WOBURN - The City Council last night sanctioned a proposal to slash by more than half the number of dwelling units proposed for a stalled Woburn Center redevelopment by the corner of Montvale Avenue and Prospect Street.

During a regular meeting in City Hall on Tuesday night, the aldermen in an 8-to-1 vote granted local businessman Robert Holland another two years to complete construction of a new apartment building at 27 Montvale Ave.

More than 16 years ago, Holland first obtained permission from the council to construct a 10-unit apartment complex at the vacant lot, which was long the site of a three-family residence adjacent to the Peterson School.

Given how long the redevelopment has languished, the Woburn Center landlord now wants to proceed with a four-unit complex, local attorney Joseph Tarby told the council last night. Originally, each of the 10 apartments was to contain roughly 800 square feet.

The new layout would not alter the size of the proposed building's footprint, but in one benefit touted by local officials, the change will eliminate the project's reliance upon municipal parking spaces in the nearby Walnut Street lot.

"It was for 10 units and the modified plan is for four units. The footprint remains roughly the same. Eight parking spaces are required, and eight are being provided on the site," the lawyer explained.

At the urging of Ward 2 Alderman Richard Gately, whose district includes the vacant parcel by the Second Burial Ground, the council — besides granting the two-year construction extension — agreed to designate the reduced-scale proposal a minor modification to the original 2003 special permit.

By doing so, the city officials spared the petitioner from the need to completely re-file the special permit application.

"I would like the council to seriously think about allowing this," said Gately of the undersized 8,276 square foot lot by Prospect Street. "[Neighbors in that area] are going to be happy to see something there instead of a vacant corner lot that has to be cleared of garbage every few months."

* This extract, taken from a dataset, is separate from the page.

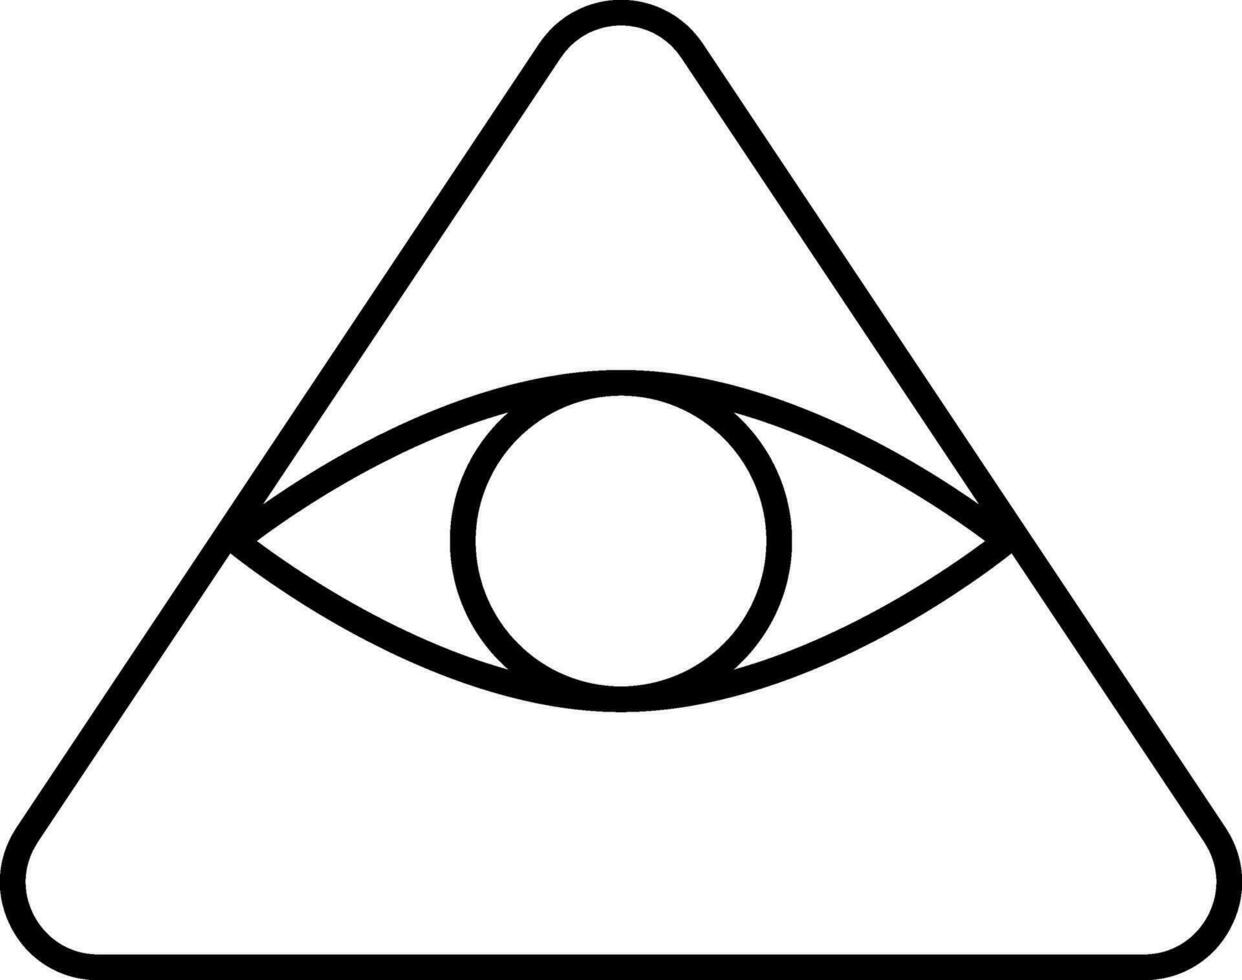 piramide occhio nero ictus icona o simbolo. vettore

Situated by the entryway into Woburn Center by the Peterson School, the vacant lot by Prospect Street was long the site a a three-family house that was gutted by a catastrophic fire that broke out in July of 2001.

Much to the consternation of city officials, the charred remnants of that building sat untouched for nearly two years, before Holland emerged in 2003 with plans for the redevelopment. Originally pitched as a 14-unit apartment complex, the council ultimately downscaled the size of the project during their special permit deliberations back in 2003.

Since obtaining that initial round of city permissions, Tarby on behalf of the landlord has petitioned the council seven times for two-year special permit continuances.

Citing the new proposal's decreased parking demand, the aldermen generally agreed the newest design constituted a minor modification.

However, Ward 1 Alderman Joanne Campbell disagreed with that sentiment due to the substantial construction delay. According to Campbell, the lone dissenter in the 8-to-1 approval, because the entire Woburn Center area has changed dramatically since the project was first permitted, she believed the special permit request should at least be referred to committee for further review.

"I agree the impact is far less, and I think it's great we're going from 10 units to four units. But a lot has happened in the past 16 years," she said.